Baudin continued on to the Cape, took Scholl and his collection of Flora and fauna onboard and set sail for New Holland.

Baudin and his ship, Jardiniere III were driven northwards by hurricane winds and he was forced to enter Bombay to undertake repairs. But Baudin was unaware that France was also at war with Britain, and he had more crew leave him and the ship, he took on some Indian seamen to fill the gap. Now he gave up any plans to sail to the Far East, and made for the area of the Red Sea and on to East Africa. He obviously had no qualms about the Slave Trade, taking on board slaves from African ports.

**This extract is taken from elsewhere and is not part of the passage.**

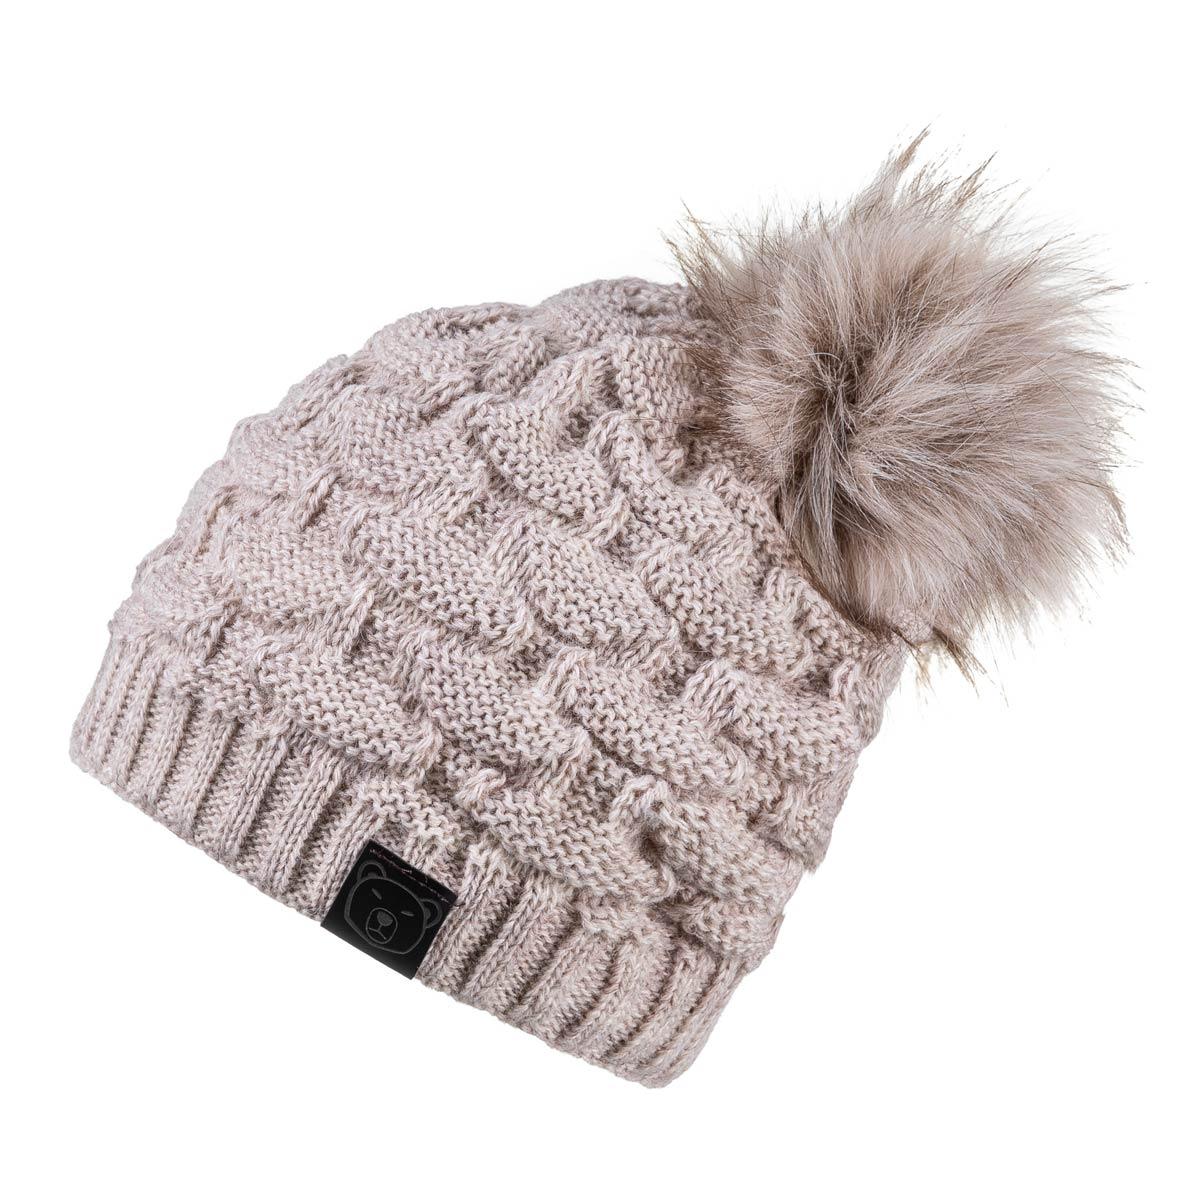 CP-01597-F12-bonnet-hiver-femme-beige

As he sailed south to enter Table Bay at the Cape of Good Hope, he again ran into storms, but this time they drove his vessel aground.

This became a failed voyage, and Scholl who had been trying to leave the Cape area for some 8 years, now blamed Baudin, he thought the Captain had deliberately put his ship aground so he could dispose of the black slaves.

The movements of Baudin after the stranding of his ship are not well documented, he apparently saved a collection of plants and trees from the shipwreck, because he took them to his botanist friend Labarrere at Trinidad. Baudin turned up in the United States, gained a passport from the French Ambassador and via an American ship returned to France.

He now played his experience as A Botanical Voyager card, visiting the Museum National d'Histoire Naturelle in Paris to lobby Professor Antoine-Laurent Jussieu, within six months the professor and his staff had convinced the Government to charter a small ship to sail to Trinidad to recover the botanical collection left there by Baudin.

The Museum chose four scientists to join with Baudin for this trip.

This ship, Belle-Angelique set off from Le Havre, and Sir Joseph Banks recommended that this expedition be given safe conduct by the British, very important, recalling that the two countries were at war.

After three weeks at sea, the ship ran into a howling gale blowing in from the west, it took all of Baudin's skills as a seaman to save his ship, as he put into Tenerife.

Belle-Angelique would sail no more, and her Captain now got hold of a smaller vessel and made for Trinidad, but on arrival, the British would not allow him to land.

Off he went to one of the Virgin Islands, St Thomas, now a Danish colony, the four scientists went fossilling in the volcanic rich area, and Baudin acquired a larger ship, renaming her Belle-Anglique after her namesake. After a 10 week sojourn, the ship moved onto San Juan, and over 9 months Baudin and his party gathered up plants, birds, insects, samples of different species of wood, all in all, a mighty collection from the West Indies.

On his way home to France, Baudin was stopped by an English warship, and interrogated on board, in case of his dentention, he prudently told the British Commodore " It would have reflected more glory on you to show favour to an expedition undertaken for the progress of science."

He was released, to safely deliver the collection to Paris, which became part of a parade through that city, the crowds amazed at wagons bearing banana and coconut palms, paw paw trees, and many other exotic plants unknown in Europe. As designed, Baudin had made his name, was reinstated into the French Navy, and promoted to Post Captain.

In 1800 he was still trying to mount an expedition to tour the world, he wanted to go to the Americas, the Islands of the Pacific, New Holland and the southern parts of Africa, and Baudin appealed directly to General Bonaparte, the leader of the young Republic.

Important men such as Jusseiu, Fleurieu and Bouganville all backed this plan, the latter had been the first European explorer to actually sight the Great Barrier Reef off the Australian coast, but his crew were weakened by both scurvy and sickness, and Bouganville had been unable to explore this marvel.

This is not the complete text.